In 2010, JSTOR started adding current issues of certain journals through its Current Scholarship Program.

Beginning September 6, 2011, JSTOR made public domain content available at no charge to the public. This “Early Journal Content” program constitutes about 6% of JSTOR’s total content, and includes over 500,000 documents from more than 200 journals that were published before 1923 in the United States, and before 1870 in other countries. JSTOR stated that it had been working on making this material free for some time. As of 2017, JSTOR does not have plans to extend it to other public domain content, stating that “We do not believe that just because something is in the public domain, it can always be provided for free”.

In January 2012, JSTOR started a pilot program, “Register & Read”, offering limited no-cost access (not open access) to archived articles for individuals who register for the service. At the conclusion of the pilot, in January 2013, JSTOR expanded “Register & Read” from an initial 76 publishers to include about 1,200 journals from over 700 publishers. Registered readers may read up to six articles online every calendar month, but may not print or download .PDFs.

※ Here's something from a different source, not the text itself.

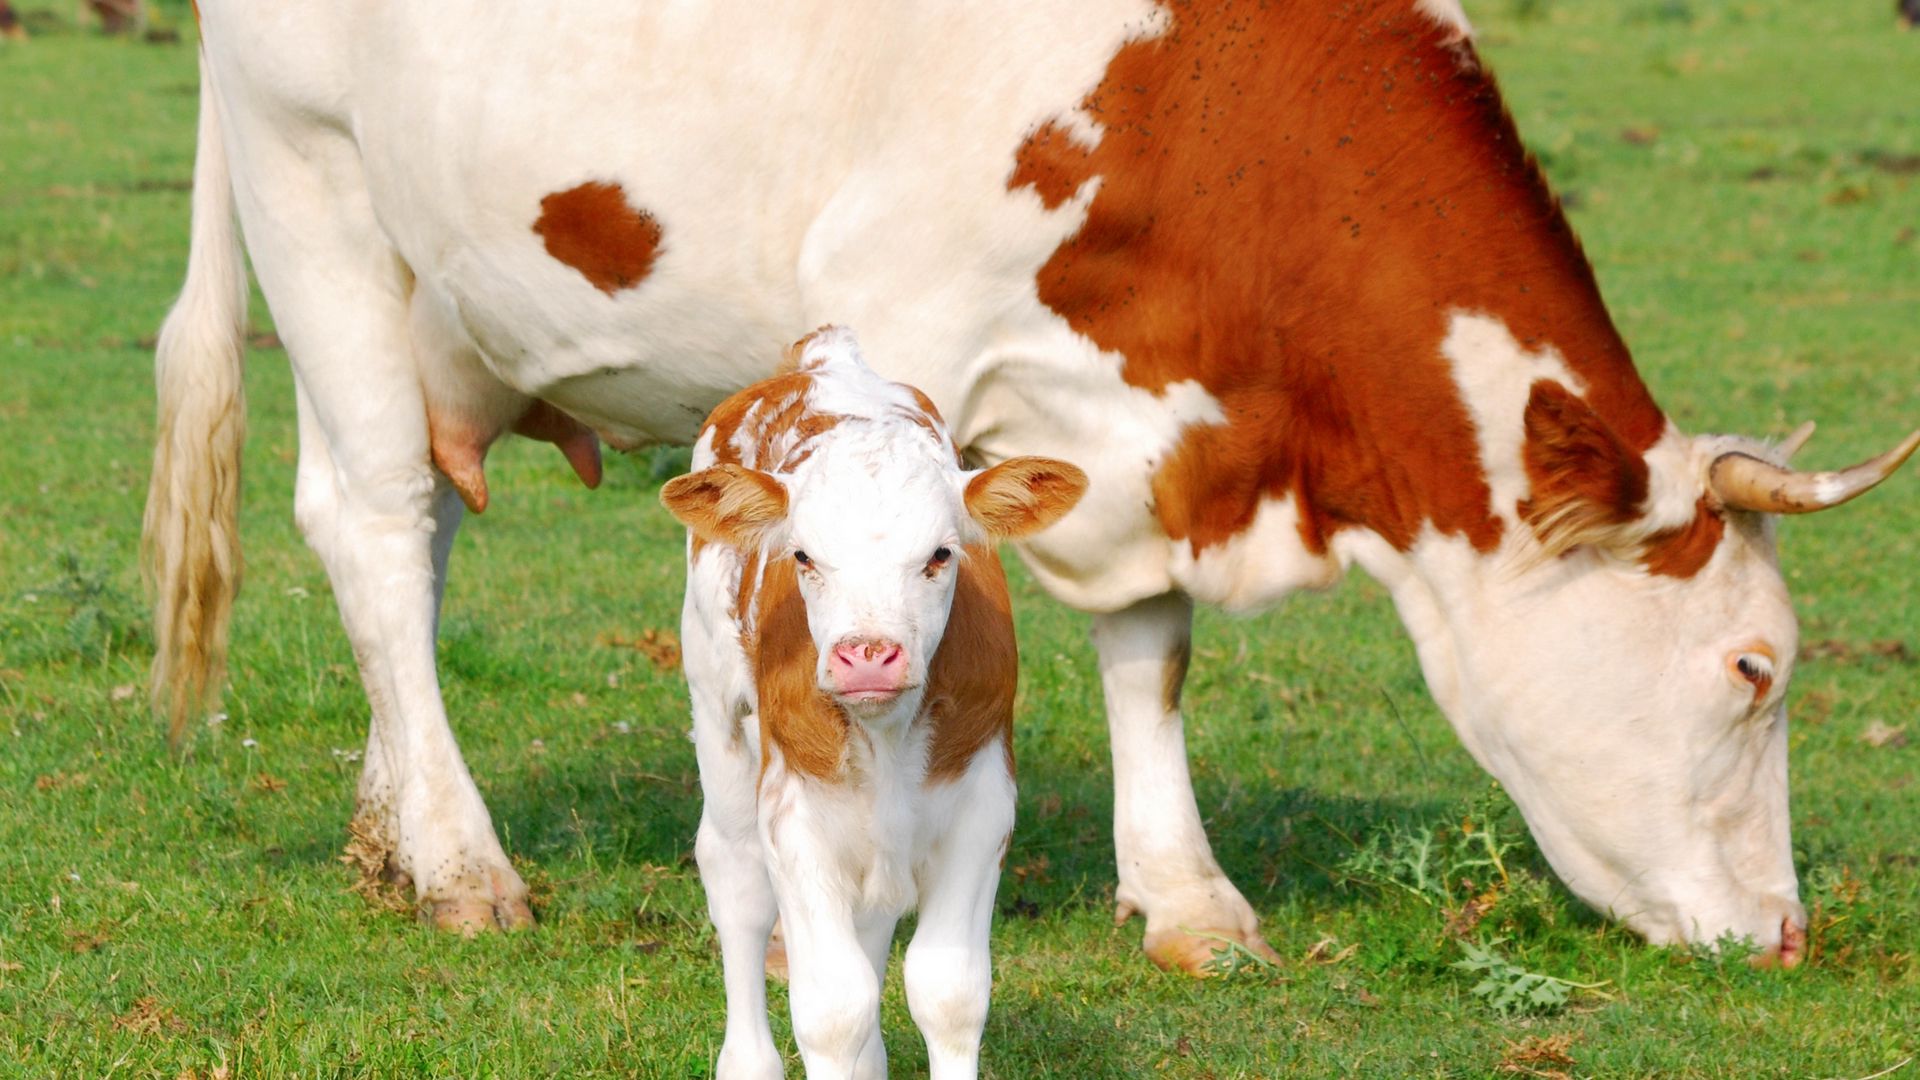 1,161 Cow Gujarat Images, Stock Photos & Vectors | Shutterstock
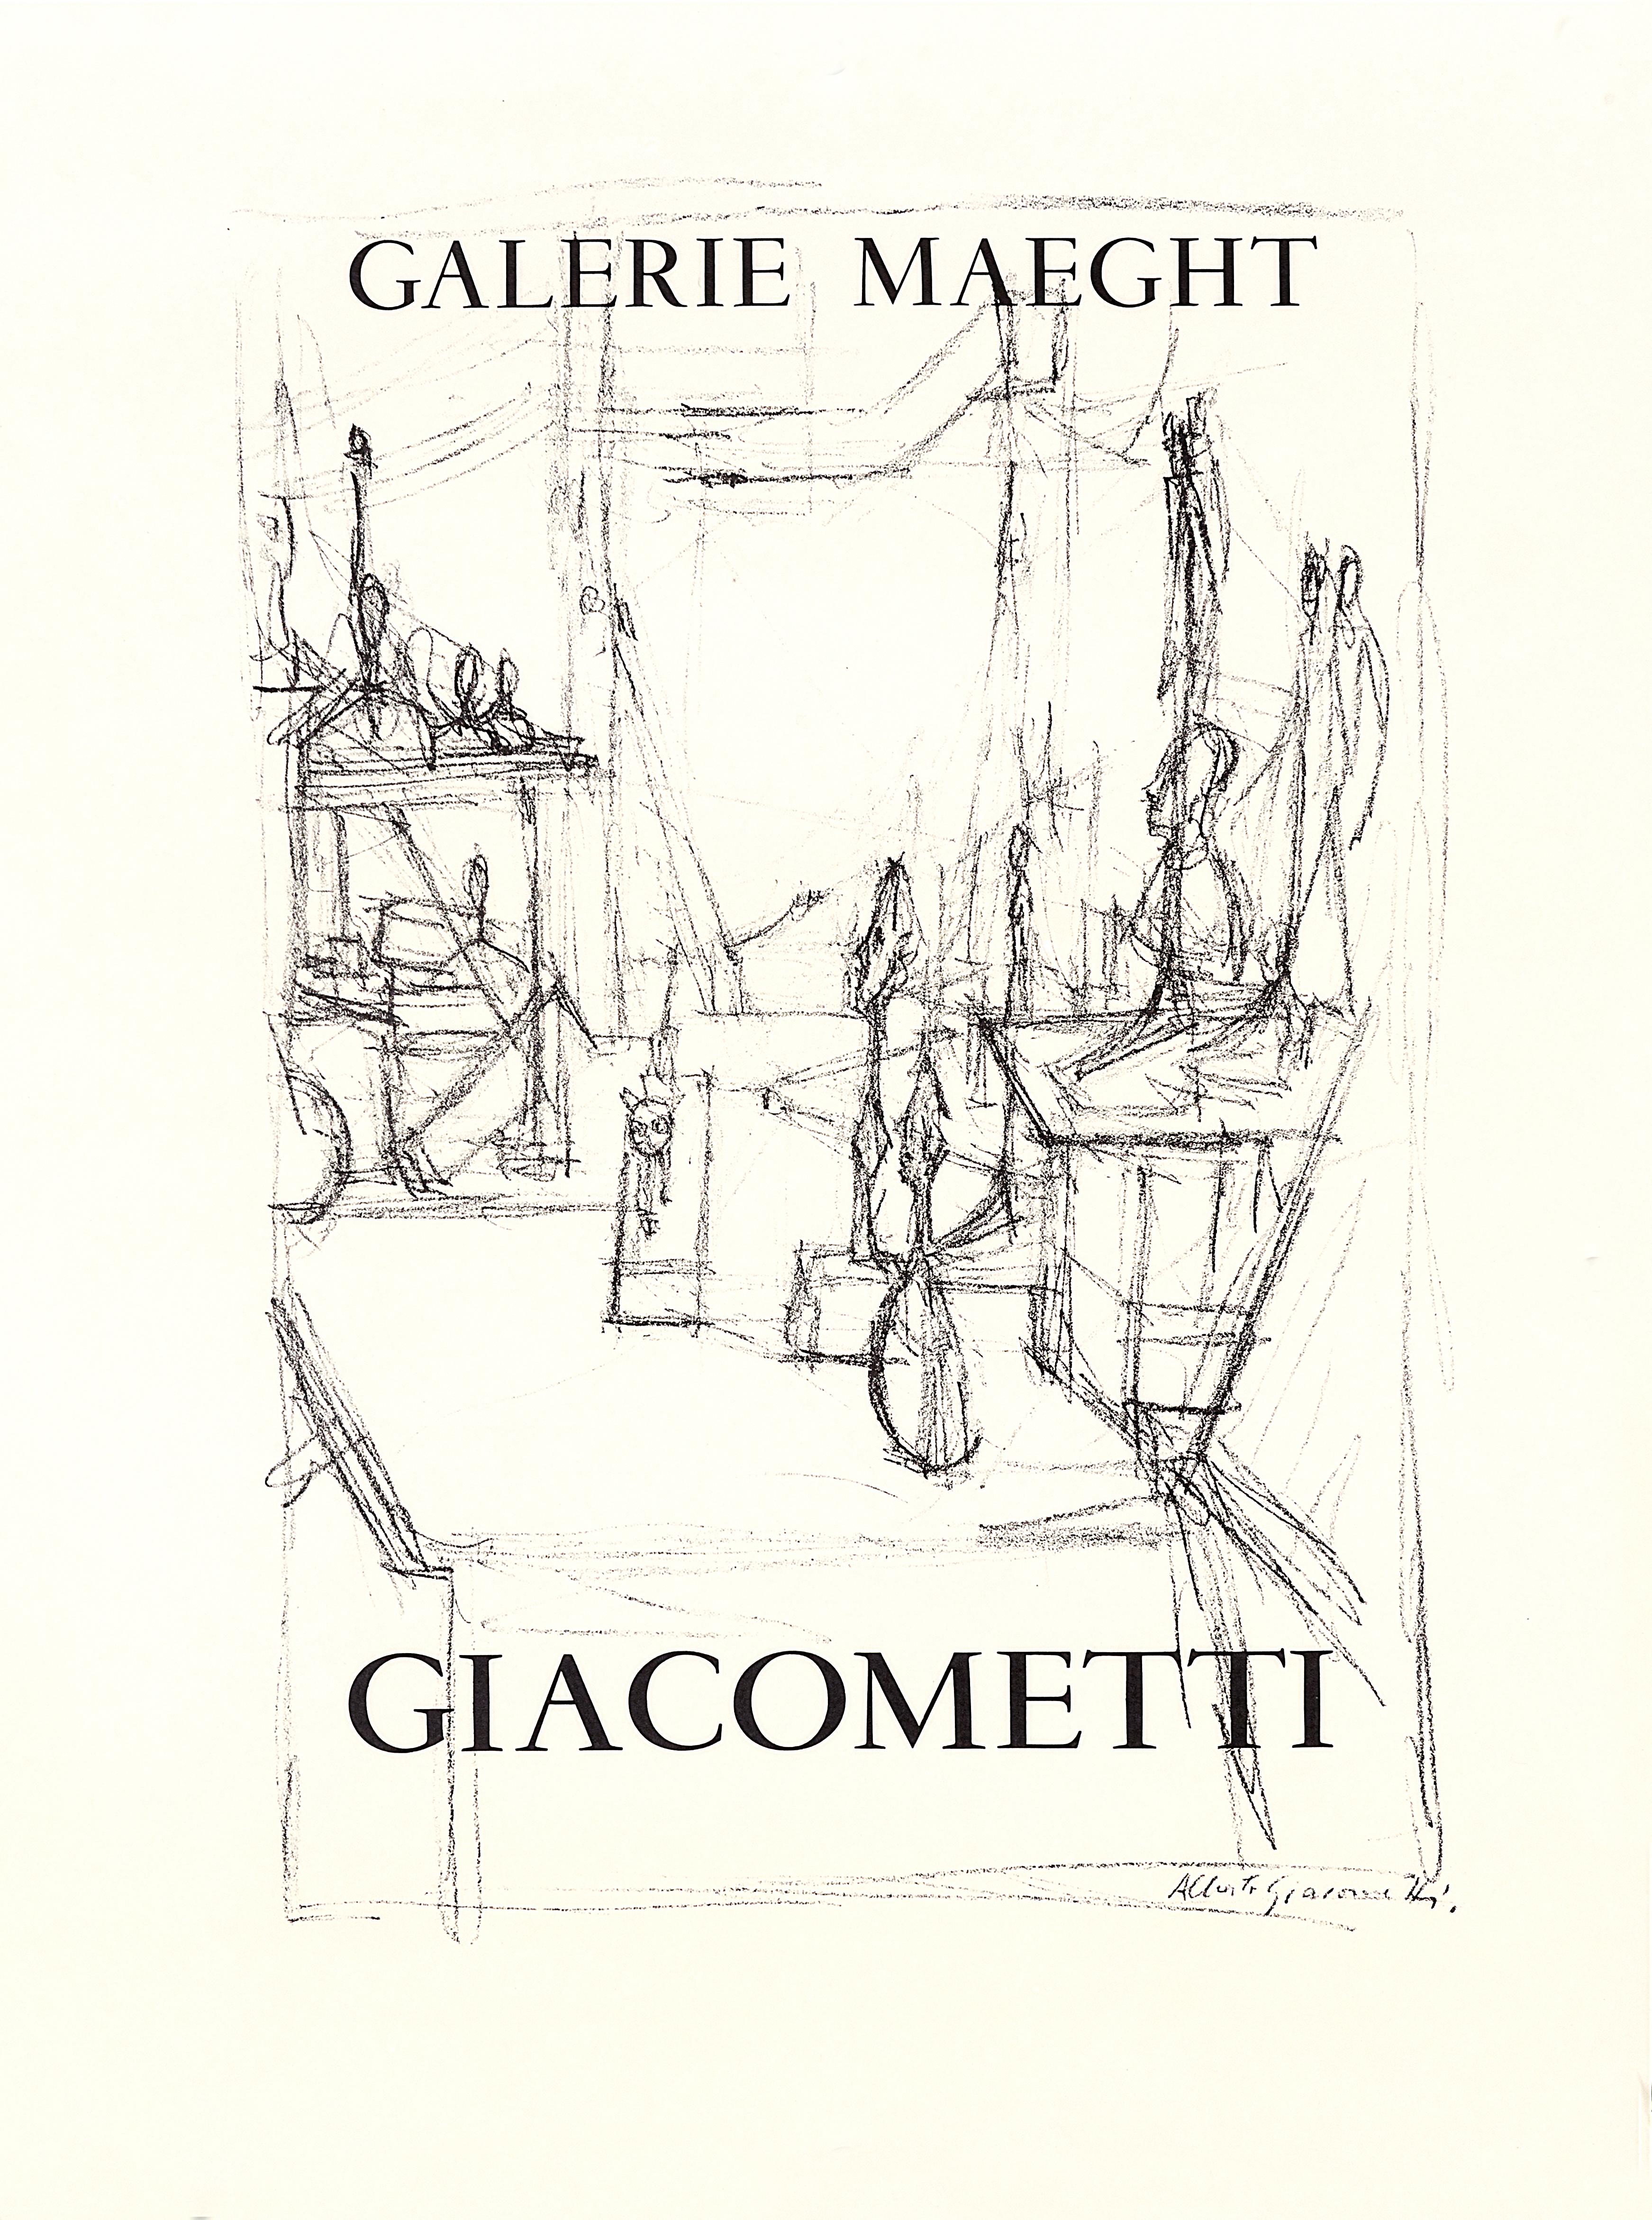 Alberto Giacometti Interior Print - "Giacometti - Galerie Maeght (Drawing)" Original Vintage Art Exhibition Poster

In 2013, more than 8,000 institutions in more than 160 countries had access to JSTOR.

As of 2014, JSTOR is conducting a pilot program with Wikipedia, whereby established editors are given reading privileges through the Wikipedia Library, as with a university library.

In 2012, JSTOR users performed nearly 152 million searches, with more than 113 million article views and 73.5 million article downloads. JSTOR has been used as a resource for linguistics research to investigate trends in language use over time and also to analyze gender differences and inequities in scholarly publishing, revealing that in certain.

JSTOR metadata is available through CrossRef and the Unpaywall dump, which as of 2020 identifies nearly 3 million works hosted by JSTOR as toll access, as opposed to over 200,000 available in open access (mainly through third party open access repositories).